# Online Stores



## miller0 (Jul 5, 2014)

Are there any recommended online tackle stores that AKFF members use?

I've usually always just gone to BCF but if anyone can recommend an online store that'd be great.

Just looking to refresh my tackle box with new lures and the like.


----------



## jbonez (Jul 9, 2013)

Motackle and Ray & annes probably the major players IMO


----------



## Bigdyl (Feb 13, 2012)

Cannot recommend motackle enough, I ordered a speargun at 2pm and it was at my door 7am the next day.


----------



## miller0 (Jul 5, 2014)

Wow, that's awesome.

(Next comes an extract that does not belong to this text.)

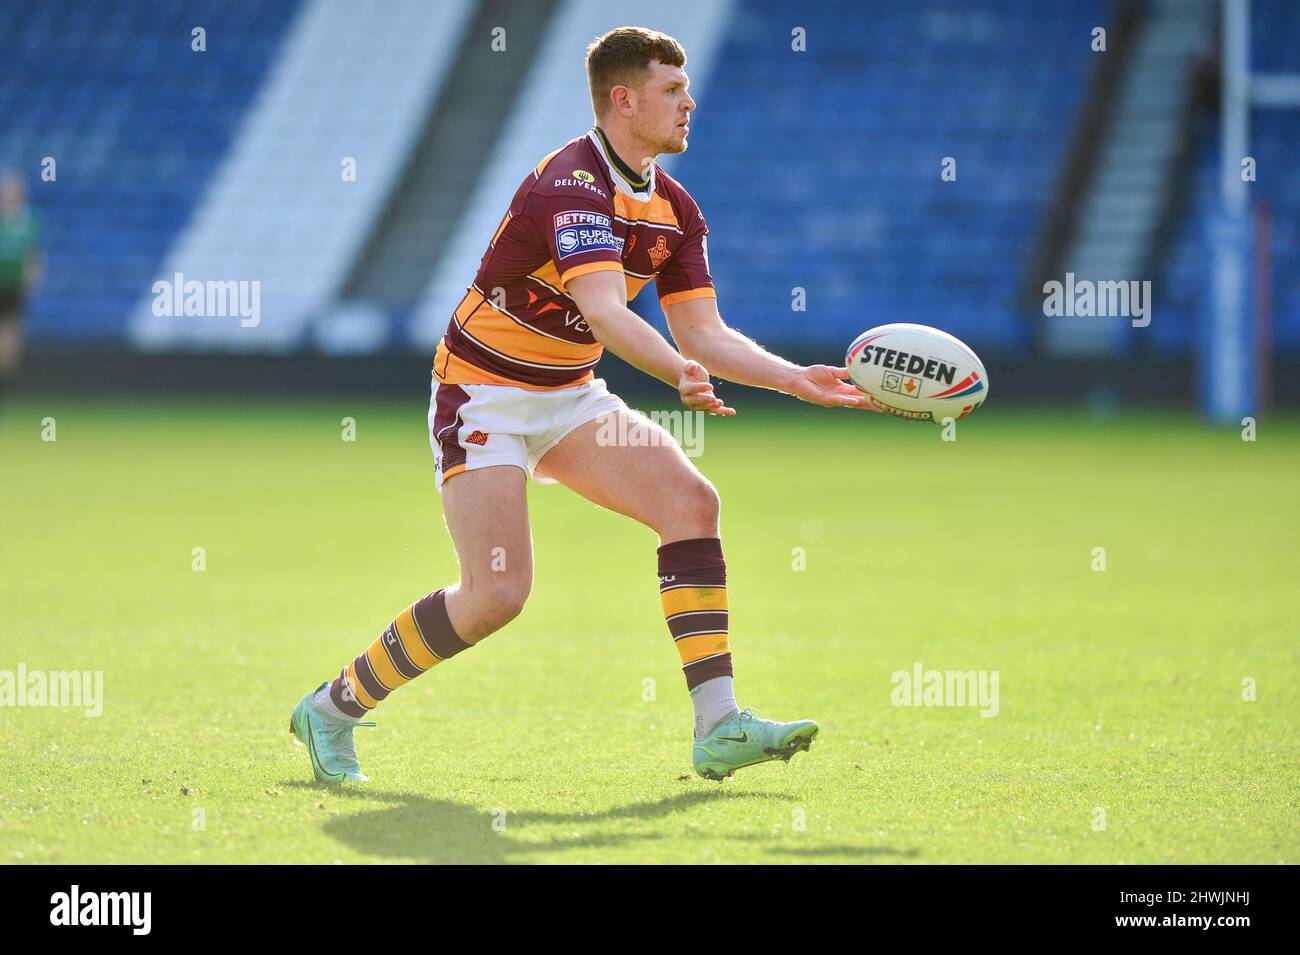 Huddersfield, Royaume-Uni. 6th mars 2022. Olly Russell (23) de Huddersfield Giants en action pendant la ligue de rugby Betfred Super League Round 4 Huddersfield Giants vs Salford Red Devils au stade John Smith, Huddersfield, Royaume-Uni Credit: Dean Williams/Alay Live News Banque D'Images

I'm checking their site out now.

$5 lures has me interested! 35mm or 55mm though? Hmmm...


----------



## clarkey (Jan 13, 2009)

Bigdyl said:


> Cannot recommend motackle enough, I ordered a speargun at 2pm and it was at my door 7am the next day.


They'll let anyone have a speargun!


----------



## suehobieadventure (Feb 17, 2009)

Motackle sent out a book with my first order you have never seen so many lures. Decisions decisions.


----------



## efc (Sep 19, 2006)

Anglers wharehouse is pretty good as well as motackle.


----------



## Smylea (Mar 22, 2014)

http://www.dinga.com.au/

Online arm of Tackle Power - usually good value

Ray


----------



## laneends (Jan 25, 2013)

If you are looking for cheap Chinese lures you can toss into snags without burning a hole in your pocket these guys do some surprisingly good ones compared to most http://wlure.com/


----------



## scater (Nov 24, 2007)

CAV said:


> Best value online is from either from shops based in the EU or Japan.
> 
> Motackle have to be one of the most overrated shops in Australia, in about half a dozen orders, not one has had everything I wanted, Always have had a few lures left out or changed for different colours.
> 
> ...


This


----------



## Fishane (May 11, 2014)

Depends what you're looking for:
reels: motackle or dinga, sometimes rayannes
Lures, rods etc (eg rapala): http://www.fishing-mart.com.pl/sklep/en/index.html
Sebile Koolie Minnows: http://anglermania.com/index.php?route=product/product&product_id=322
Squid Jigs: http://www.plat.co.jp/shop/catalog/...th/24_523/egiing-squid-fishing/squid-jig-egi/
Hooks, line, batteries, lights etc: ebay


----------



## efc (Sep 19, 2006)

Does fishernator have a site in English?


----------



## jbonez (Jul 9, 2013)

Also sneakyfisho has some good deals on shimano reels occasionally, not sure if they have lost their touch lately though seems a bit run of the mill, but worth a look


----------



## efc (Sep 19, 2006)

Thanks CAV, not showing on my iPhone but I'll have a look on the desktop later


----------



## Guest (Jul 8, 2014)

efc said:


> Does fishernator have a site in English?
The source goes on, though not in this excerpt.